Dari Aceh Berkumandang Arsitektur Mitigasi Bencana

Dari Aceh Berkumandang Arsitektur Mitigasi Bencana

Deputi Bidang Kreativitas Budaya dan Desain Kementerian Ekraf, Yuke Sri Rahayu, menegaskan bahwa ketangguhan harus menjadi bagian integral dalam ekosistem arsitektur nasional, tidak hanya sebatas konsep desain semata.

Resilience bukan hanya konsep desain, tetapi harus menjadi kerangka kebijakan, kerangka bisnis, dan kerangka praktik profesional.
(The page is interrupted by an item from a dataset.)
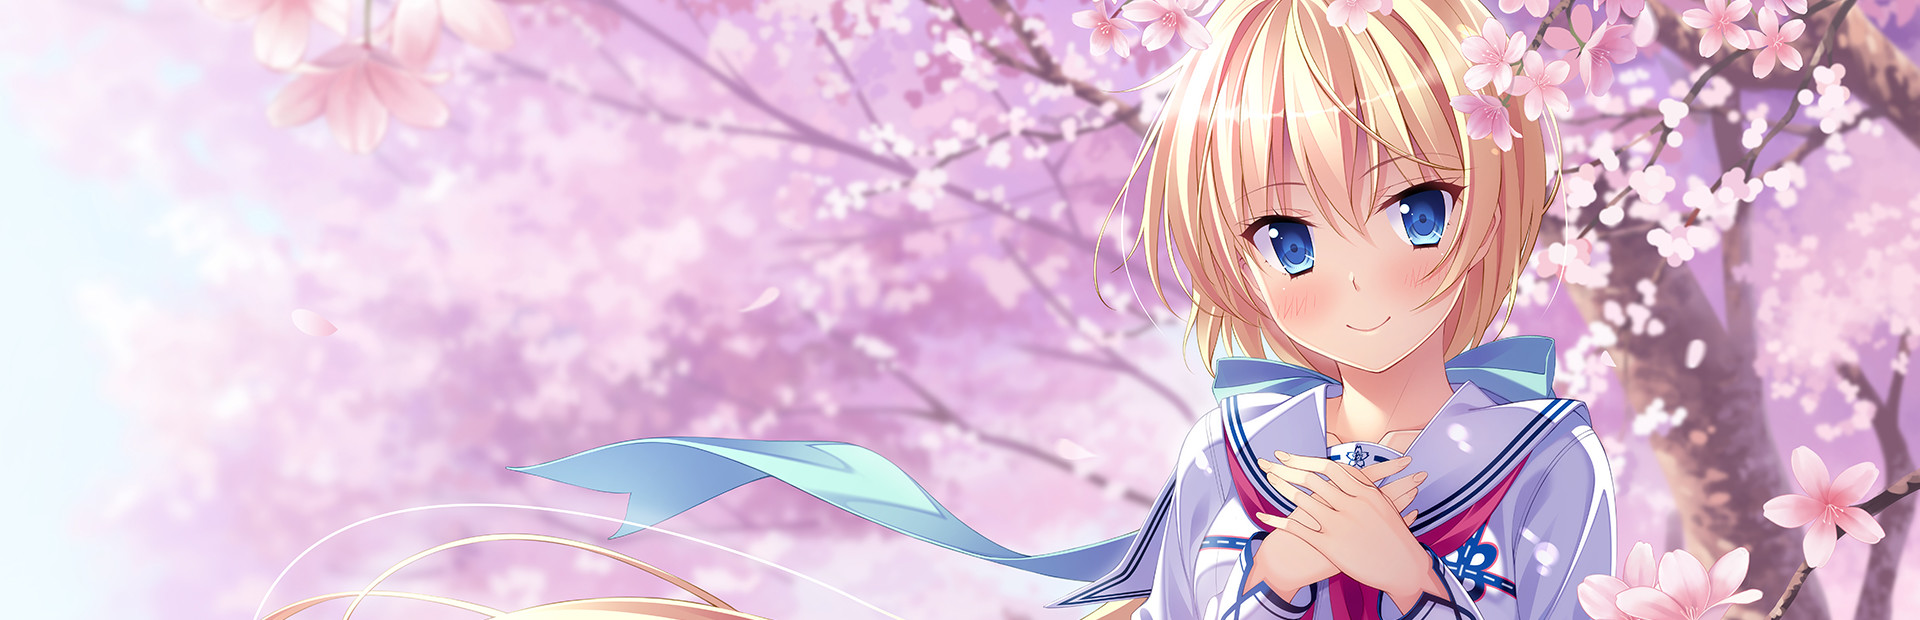  Sakura no Mori † Dreamers 2 cover image

Ke depan, kita membutuhkan arsitek yang tidak hanya responsif terhadap bencana, tetapi mampu mengantisipasi, merancang sistem, dan menciptakan nilai ekonomi dari solusi ketahanan itu sendiri,” kata Yuke Sri Rahayu, Sabtu 18 April 2026.

Dia menambahkan, kegiatan ini diharapkan menjadi titik awal lahirnya pendekatan baru dalam praktik arsitektur di Indonesia yang lebih strategis dan berdampak luas terhadap pembangunan nasional maupun regional.

Baca juga: IAI Umumkan Syarat Khusus Seleksi Calon Anggota Panel: Wajib Profesional dan Berpengalaman

Workshop ini harus menjadi titik awal untuk melahirkan pendekatan baru di mana arsitektur menjadi bagian dari solusi strategis pembangunan nasional dan regional. Akhirnya, saya mengapresiasi seluruh pihak yang telah berkontribusi dalam penyelenggaraan kegiatan ini,” tambahnya.